В общем с ними коридоре, за стеной, жила в крошечной комнатушке Лиза, тридцатилетняя женщина с трехлетней девочкой Дашуткой. Лиза работала уборщицей в бане.
– В бане работаю и в бане живу, – говорила она. – Тут при старом хозяине ванная была…
Дашутка была рыженькой, маленькой, как клопик. В три года она выглядела полуторагодовалой. Нина сразу привязалась к ней, и Лиза часто оставляла Дашутку на целый день, так как работала через сутки с утра до вечера и раньше ей приходилось тащить Дашутку к своей матери, жившей на окраине. В ясли же она отдавать Дашутку отказывалась, так как несколько лет назад в местных яслях был несчастный случай – какой-то мальчик проглотил иголку.
Юрий Дмитриевич Дашутке почему-то очень понравился, и она за ним ходила как тень. Когда Юрий Дмитриевич садился пить молоко, Дашутка забиралась на стол, смотрела на него и спрашивала:
– Ты питеньки хочешь?
Когда он шел в туалет, она стояла тут же, запрокинув голову, и серьезно спрашивала:
– Ты писаньки хочешь?
Юрию Дмитриевичу Дашутка тоже нравилась. Он гладил ее по голове и спрашивал:
– Кого ты больше любишь – петушка или курочку?
Однако часто Юрий Дмитриевич хотел посидеть в одиночестве, подумать, а Дашутка мешала.

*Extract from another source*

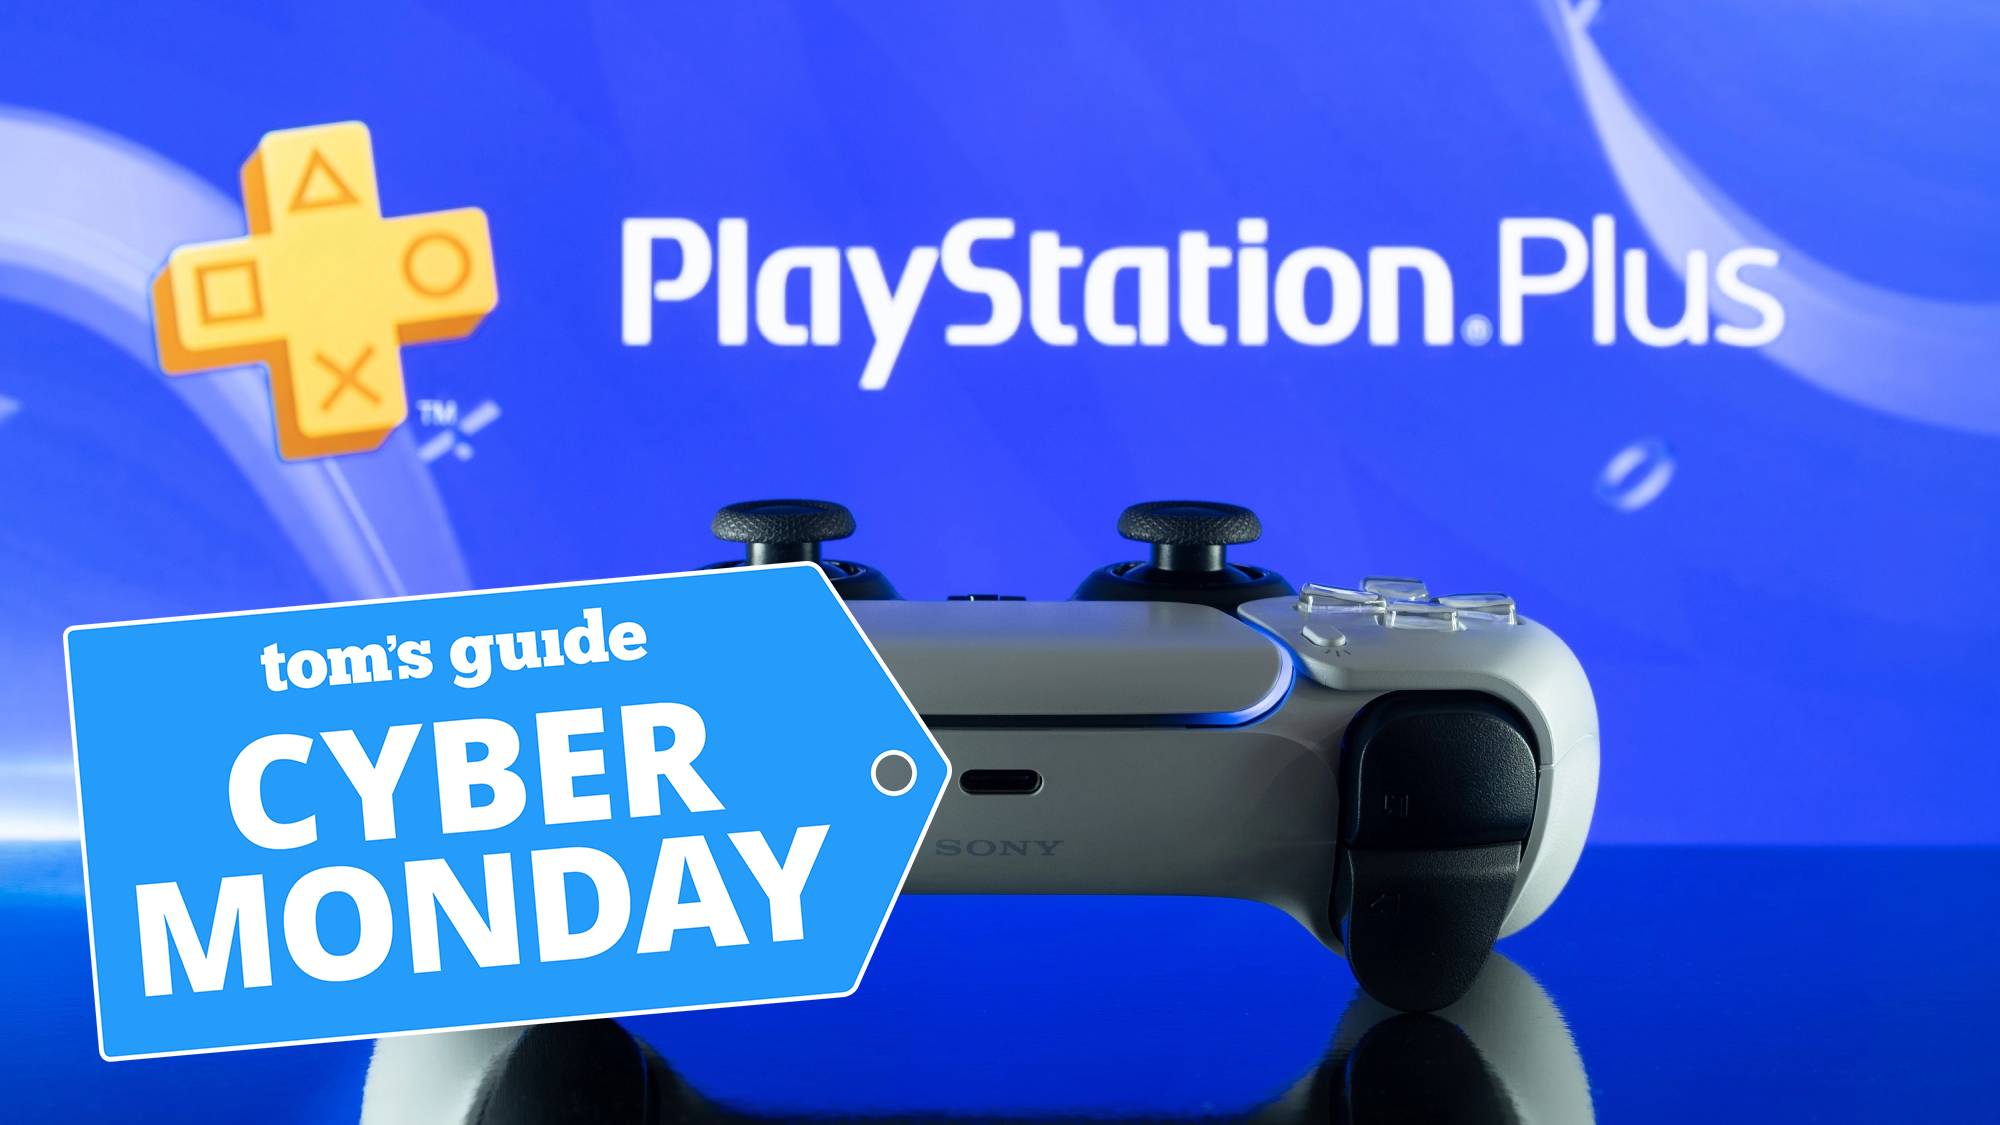 PlayStation Plus deal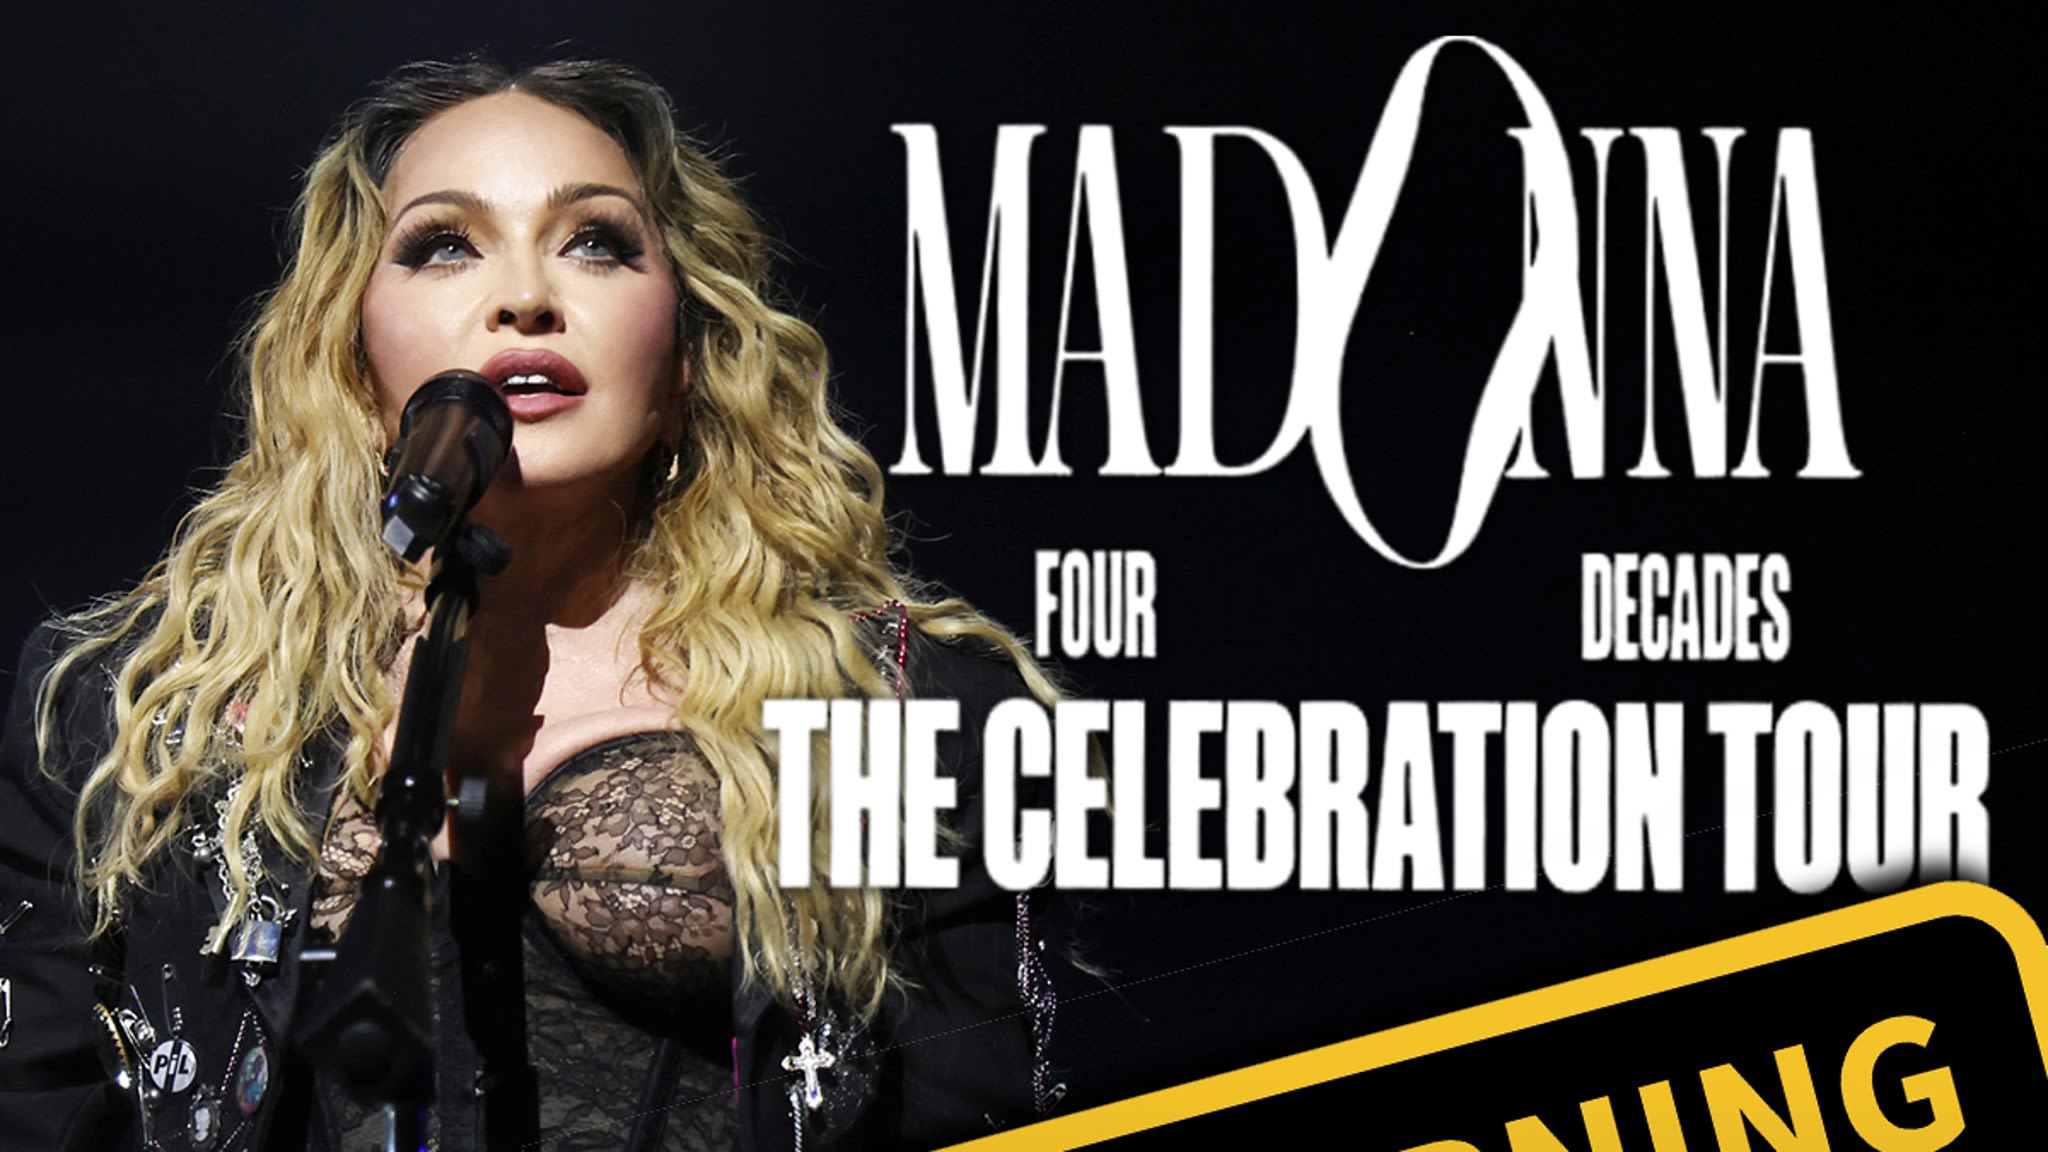 Madonna Sued, Fan Says He Was Forced to Watch Sex Acts During Celebration Tour

Юрий Дмитриевич прятался от нее в спальне, но всё равно не мог сосредоточиться, так как с тревогой прислушивался к топоту ее ножек. Дашутка искала его. Потом она находила, заглядывала в дверь. Юрий Дмитриевич не знал, как поступить, он пробовал грозить Дашутке пальцем, строить страшные гримасы, надеясь, что она испугается, однако Дашутка только весело смеялась, входила, залезала на постель, на стул, на колени к Юрию Дмитриевичу; часто в руке у нее был кусок черного хлеба и соленый огурец. Она очень любила черный хлеб и огурцы.
– А почему ты не идешь на работу? – спрашивала Дашутка у Юрия Дмитриевича.
– В сентябре, – раздраженно говорил Юрий Дмитриевич и злился на Лизу, на Нину, – в сентябре я начну преподавать анатомию в местном акушерско-фельдшерском училище… Понимаешь?
– А чего это? – спрашивала Дашутка.
– Это наука, – говорил Юрий Дмитриевич, – про человечков. Какие они внутри, под кожей.
– Нарисуй, – говорила Дашутка. – Нарисуй человечка.
Сама Дашутка тоже любила рисовать. У нее были краски, кисточки, она водила ими по бумаге и говорила: это морковка, это редиска, это луна…
Постепенно Юрий Дмитриевич переставал злиться и радовался Дашутке, щекотал ей тонкую шейку. Однако стоило Дашутке выйти, и он вновь плотно запирал двери, с тревогой прислушивался к ее шагам и грозил пальцем, когда она заглядывала. Нравилось также Дашутке мыть раковину и посуду. Она ставила табурет, забиралась наверх, сама закатывала рукавчики и, открыв кран, деловито, очевидно, подражая матери, возила тряпкой по раковине, по крышкам кастрюль, которые давала ей Нина. В эти минуты Юрий Дмитриевич по-настоящему любил ее за то, что она так смешно возится, работает и не мешает ему думать.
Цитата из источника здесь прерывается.